Yeah, shu did that.  In comment 3, he found that it was nsFocusManager that had the outstanding references.  Do you have any idea what might be going wrong with that?
(In reply to Shu-yu Guo [:shu] from comment #5)
> At time of this writing I have to to bed, so I don't know if the patch
> actually helps. If it does, feel free to push it with r=orange or something.

I talked to shu in IRC and since we are getting also windows xp etc reports he pushed a new try for all platforms - https://tbpl.mozilla.org/?tree=Try&rev=35c7285d48ff and did the retriggeres so far
Oh, sorry, totally missed comment 3.
(In reply to Shu-yu Guo [:shu] from comment #3)
> The only thing I can see entraining the leaking nsGlobalWindows other than
> what's already accounted for in the CC log is nsFocusManager. I'm not sure
> if that means something is installing focus event handlers on elements in
> that window
> or there are focus event handlers which has those windows as
> free variables. Does this ring any bells?
No, probably nothing to do with event handlers or listeners.

Focus just for some reason stays in the focus manager. Sounds very much like intermittent 
"leak". We could "fix" it by adding optimization to mark windows kept alive by focus manager black,
or just focus some other window when the test is about to end.
And this is very different to Bug 605294, since that was a shutdown leak.
A patch coming.
FWIW I have not had luck reproducing the other leaks in the cluster by repeatedly running the test in question until failure.

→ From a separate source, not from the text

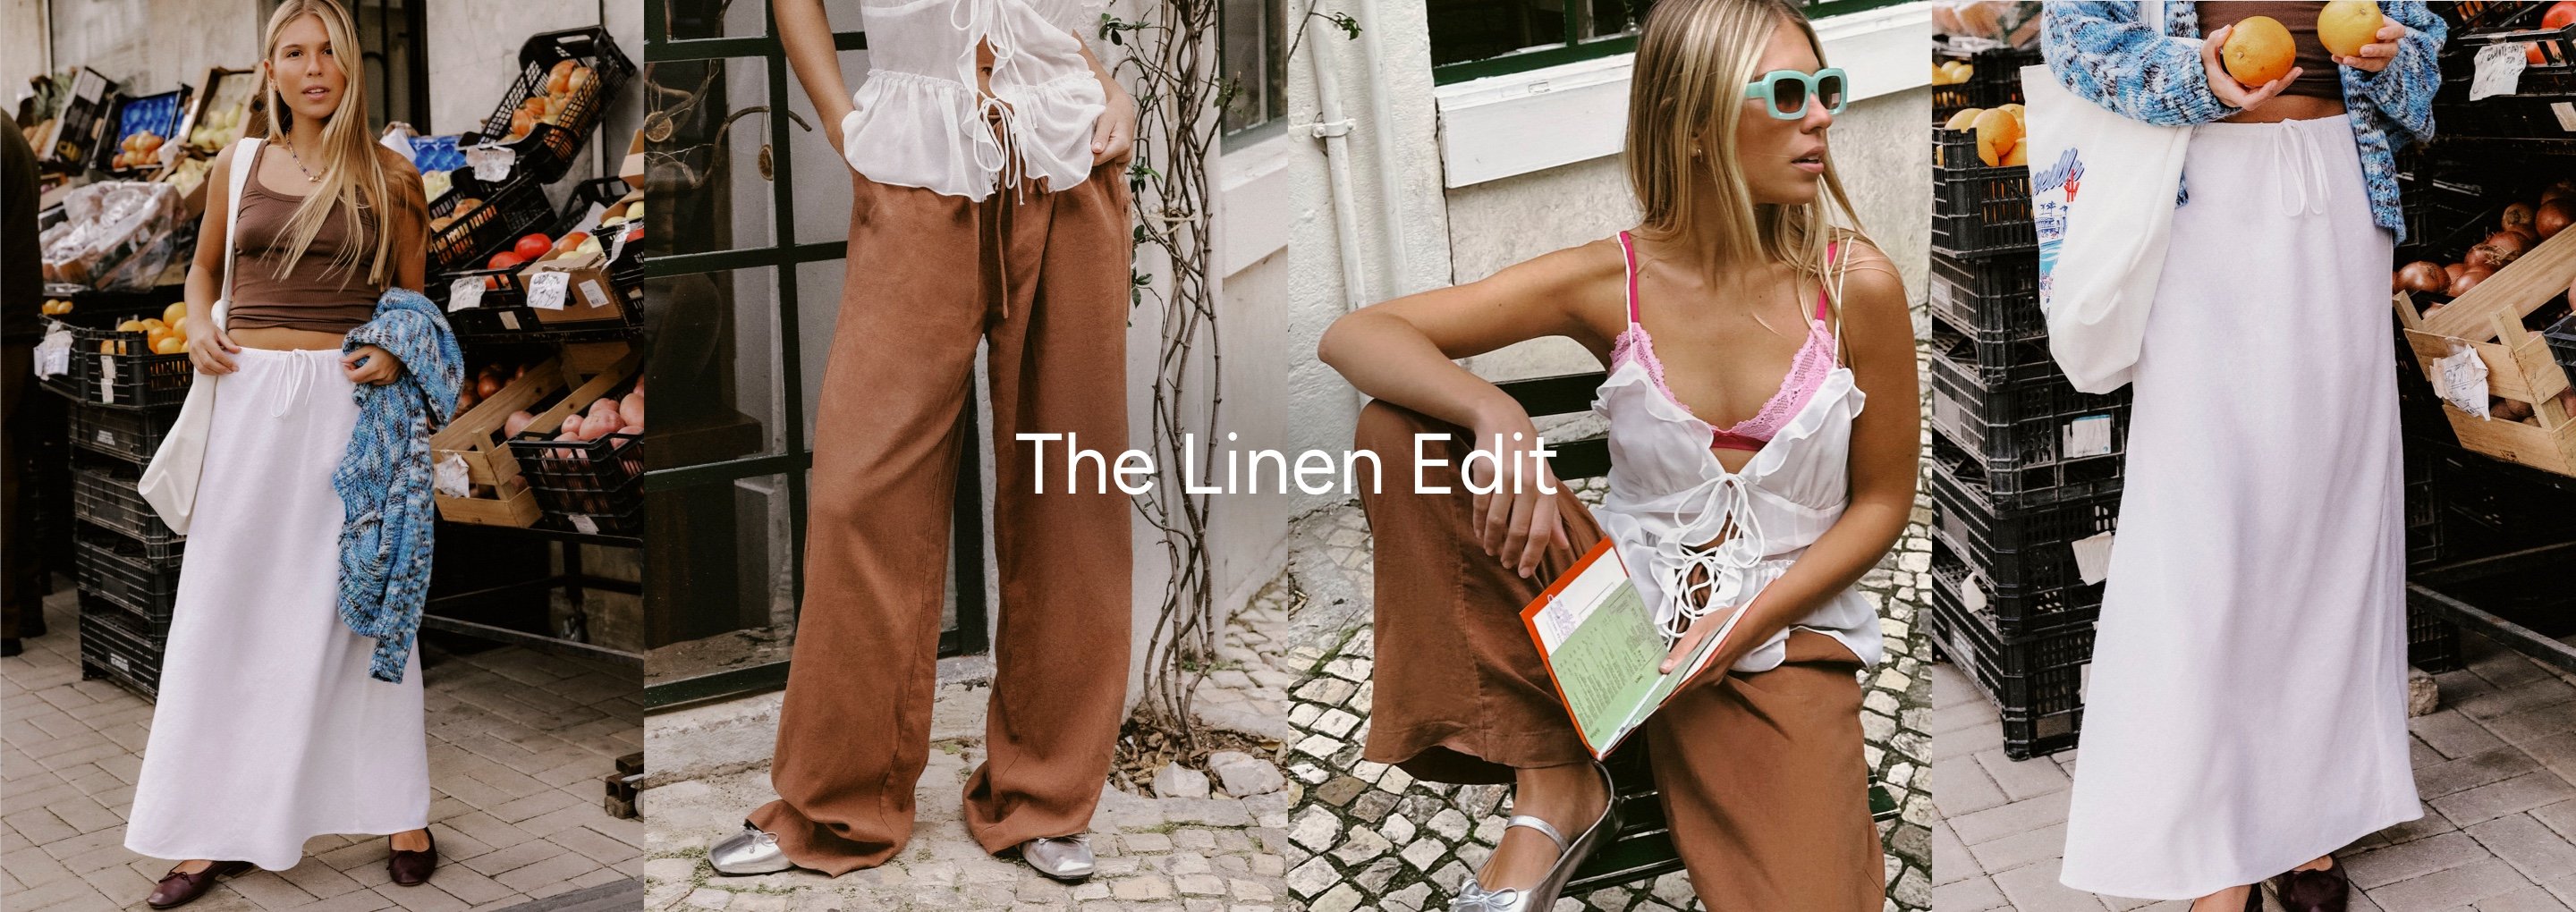 The Linen edit.

Only this one produced a leak using that method. I'll try running the entire suite later to see if I can repro.
It seems like I always have to eat my words. Just reproduced the leak in browser_dbg_global-search04.js with /mach mochitest-browser --run-until-failure --repeat 100 browser/devtools/debugger/test/browser_dbg_search-global-04.js
(In reply to Shu-yu Guo [:shu] from comment #15)
> It seems like I always have to eat my words. Just reproduced the leak in
> browser_dbg_global-search04.js with /mach mochitest-browser
> --run-until-failure --repeat 100
> browser/devtools/debugger/test/browser_dbg_search-global-04.js

Very, very intermittent, however.
Olli, is it really not a bug that some windows hang around in the nsFocusManager for over an hour to almost shutdown?
Is that really the case? Are we not moving focus to anywhere else? Or are we using a separate
process here?

nsFocusManager has 3 strong refs to nsPIDOMWindow. Which one is keeping the cycle alive?
(I don't have OSX to test.)
(In reply to Olli Pettay [:smaug] from comment #18)
> Is that really the case? Are we not moving focus to anywhere else? Or are we
> using a separate
> process here?
> 
> nsFocusManager has 3 strong refs to nsPIDOMWindow. Which one is keeping the
> cycle alive?
> (I don't have OSX to test.)

Can't tell yet, lldb doesn't want to cooperate.
Some additional info for posterity: this test leaks pretty quickly for me locally on 10.9 even with bug 933882 backed out.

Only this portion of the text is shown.